## GIVEN DATA
# # # # #

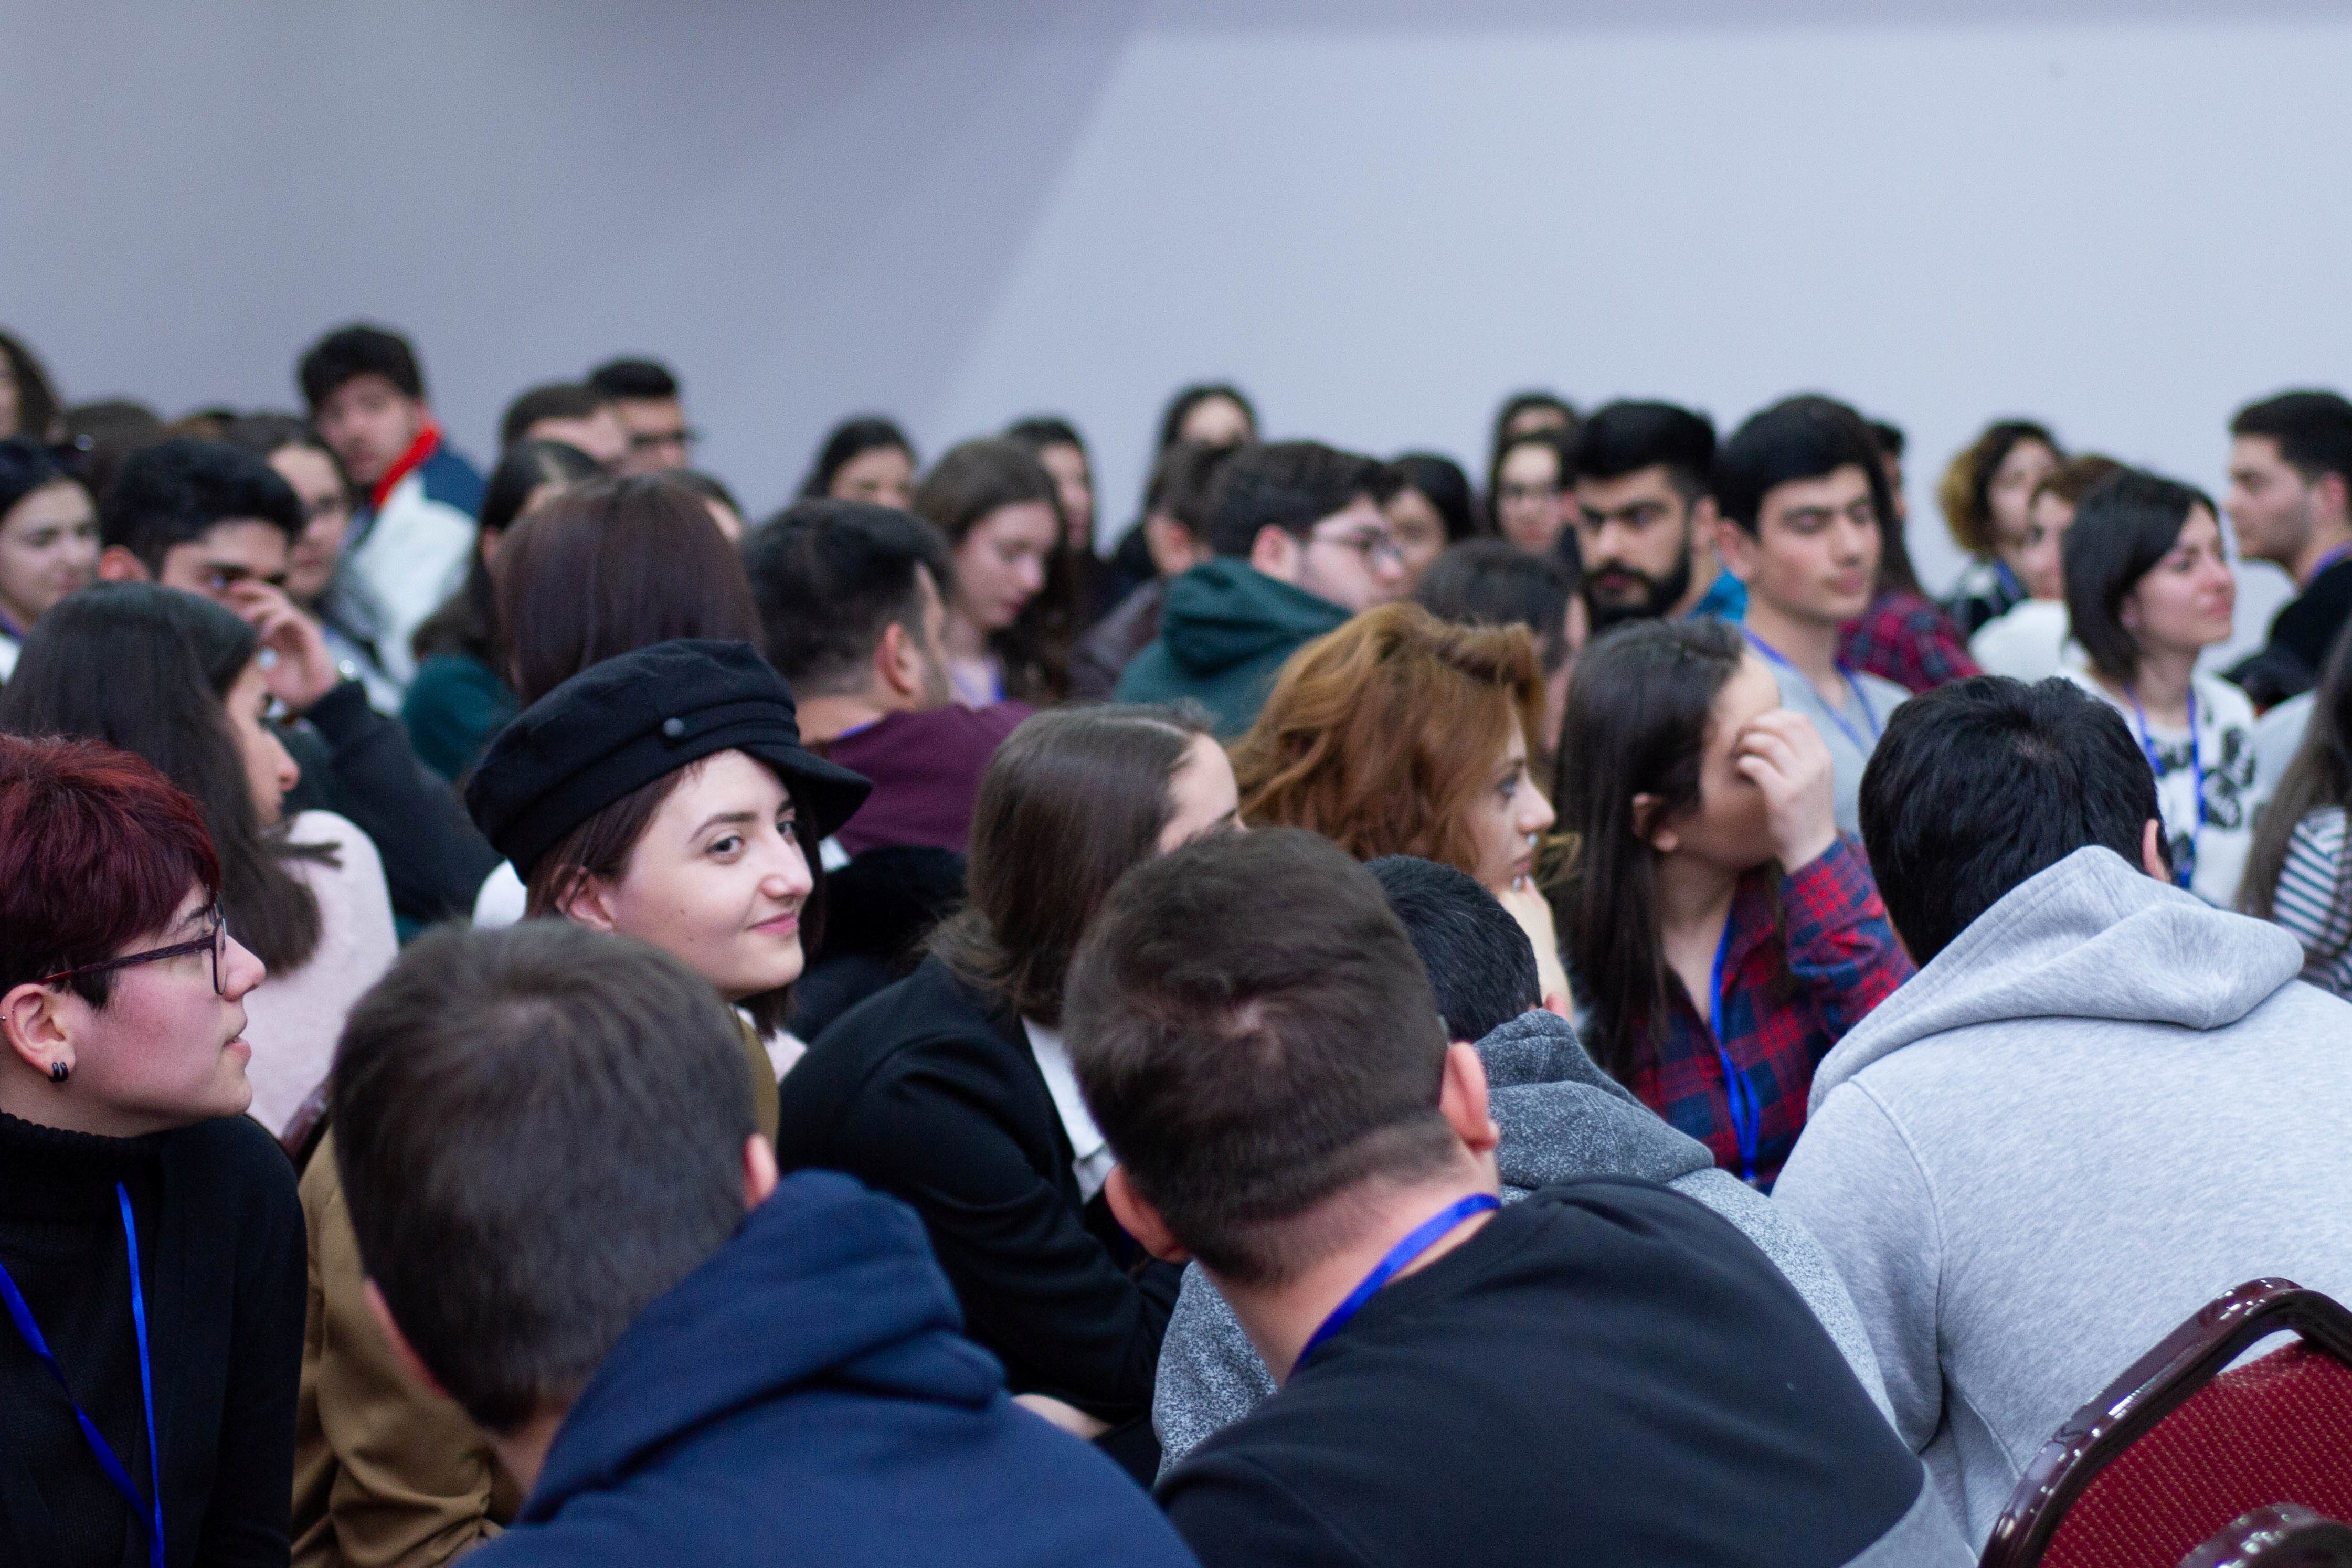 «ԱՅՍԵԿ-Հայաստան»-ը մեկնարկել է հայ երիտասարդների շրջանում առաջնորդությունը զարգացնելուն ուղղված եռօրյա սեմինար
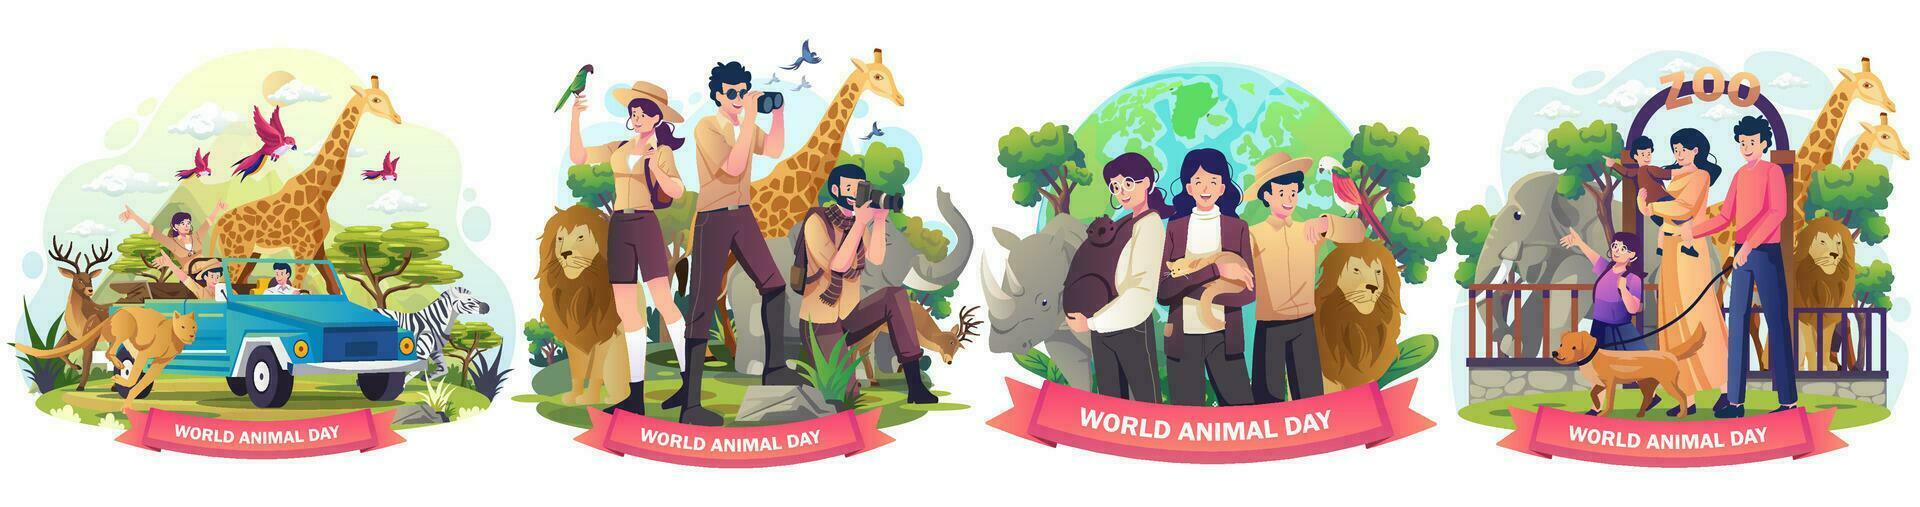 ensemble de monde animal jour, faune jour, animaux sur le planète, animaux autour le monde illustration vecteur
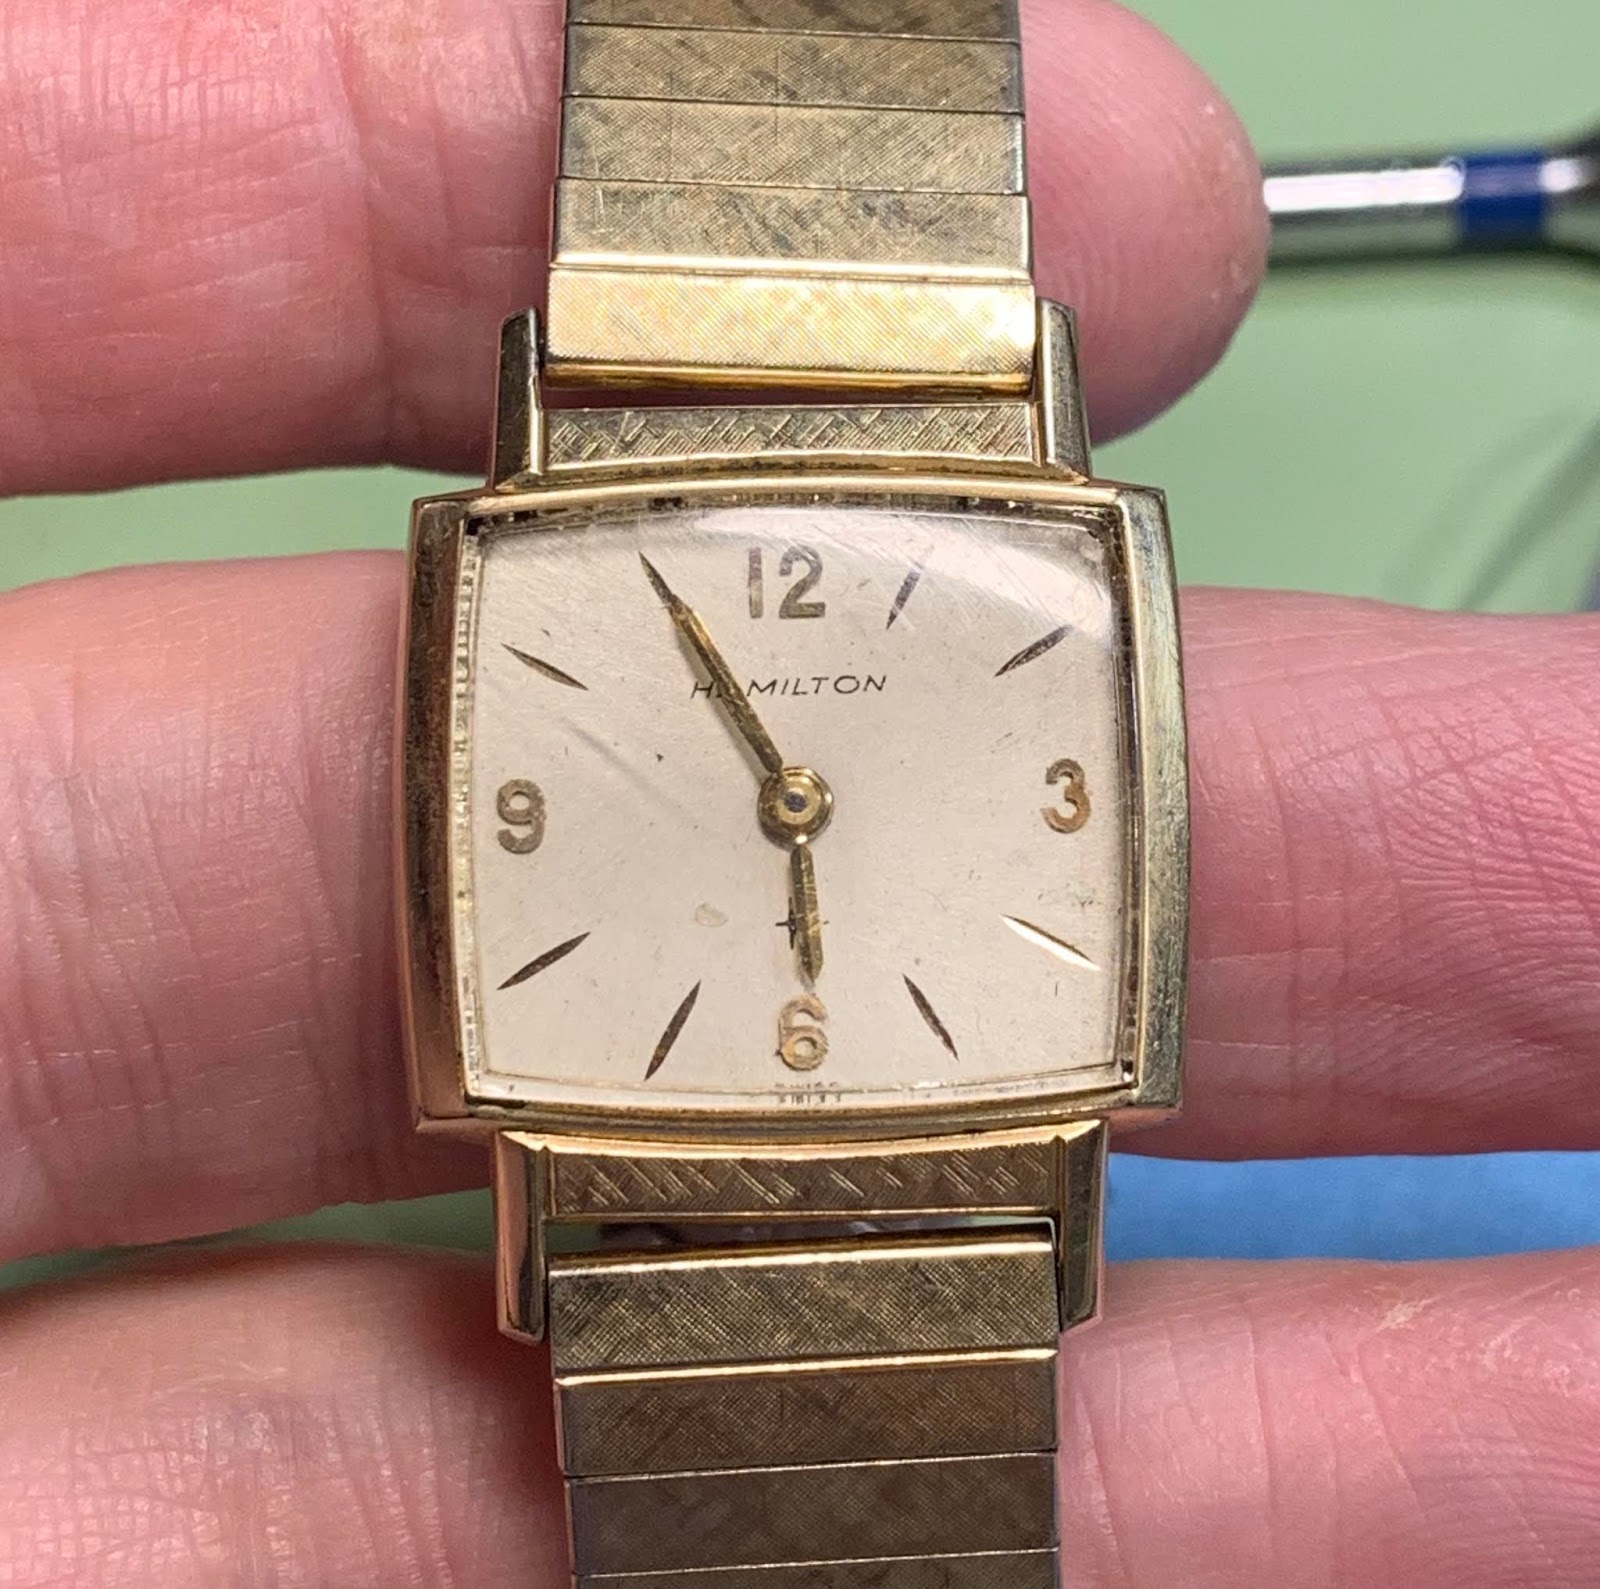 Vintage Hamilton Watch Restoration: 1965 Vincent

# # # # #

Output each line exactly as shown above; no pictures go in the copy.

 «ԱՅՍԵԿ-Հայաստան»-ը մեկնարկել է հայ երիտասարդների շրջանում առաջնորդությունը զարգացնելուն ուղղված եռօրյա սեմինար
 ensemble de monde animal jour, faune jour, animaux sur le planète, animaux autour le monde illustration vecteur
 Vintage Hamilton Watch Restoration: 1965 Vincent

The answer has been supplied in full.